Your task. Give back exactly the lines of the entries below from the line with "Model posing with" to the line with "Method of united", inclusive, and only those.

Data records.

******

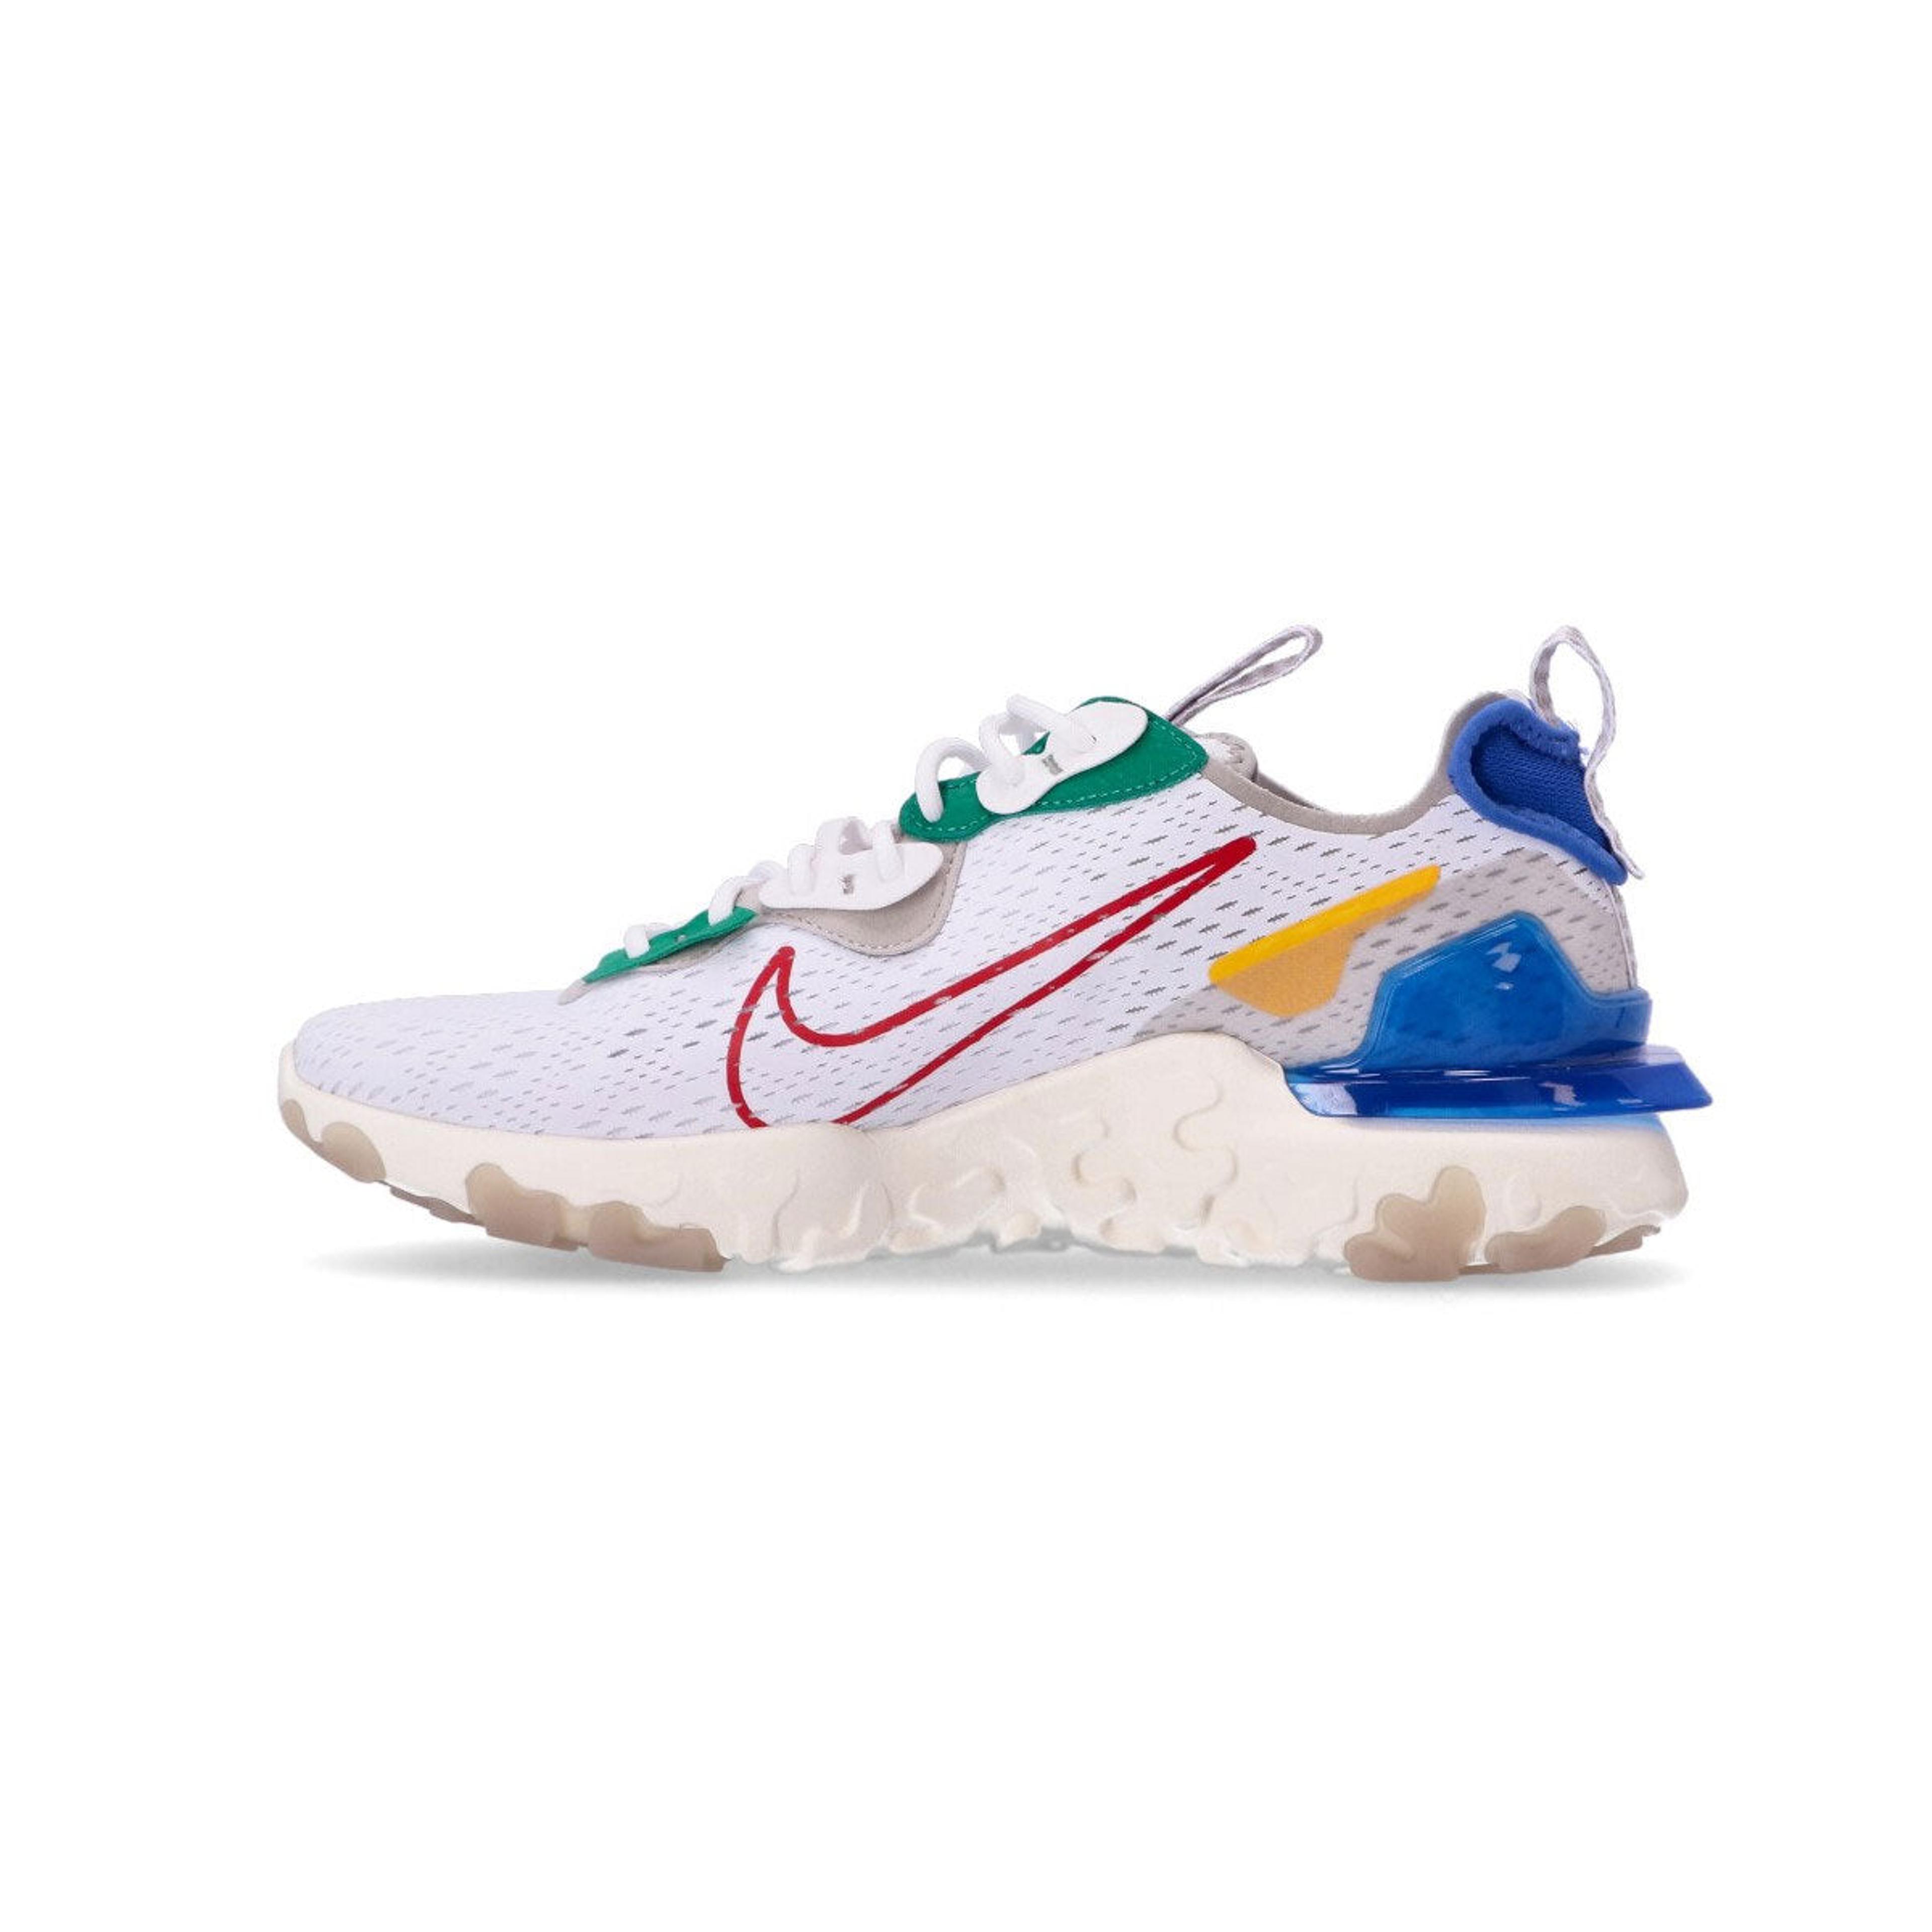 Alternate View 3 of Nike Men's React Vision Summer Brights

******

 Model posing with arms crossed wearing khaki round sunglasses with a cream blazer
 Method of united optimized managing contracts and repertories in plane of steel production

******

Solution for this exercise.
 Model posing with arms crossed wearing khaki round sunglasses with a cream blazer
 Method of united optimized managing contracts and repertories in plane of steel production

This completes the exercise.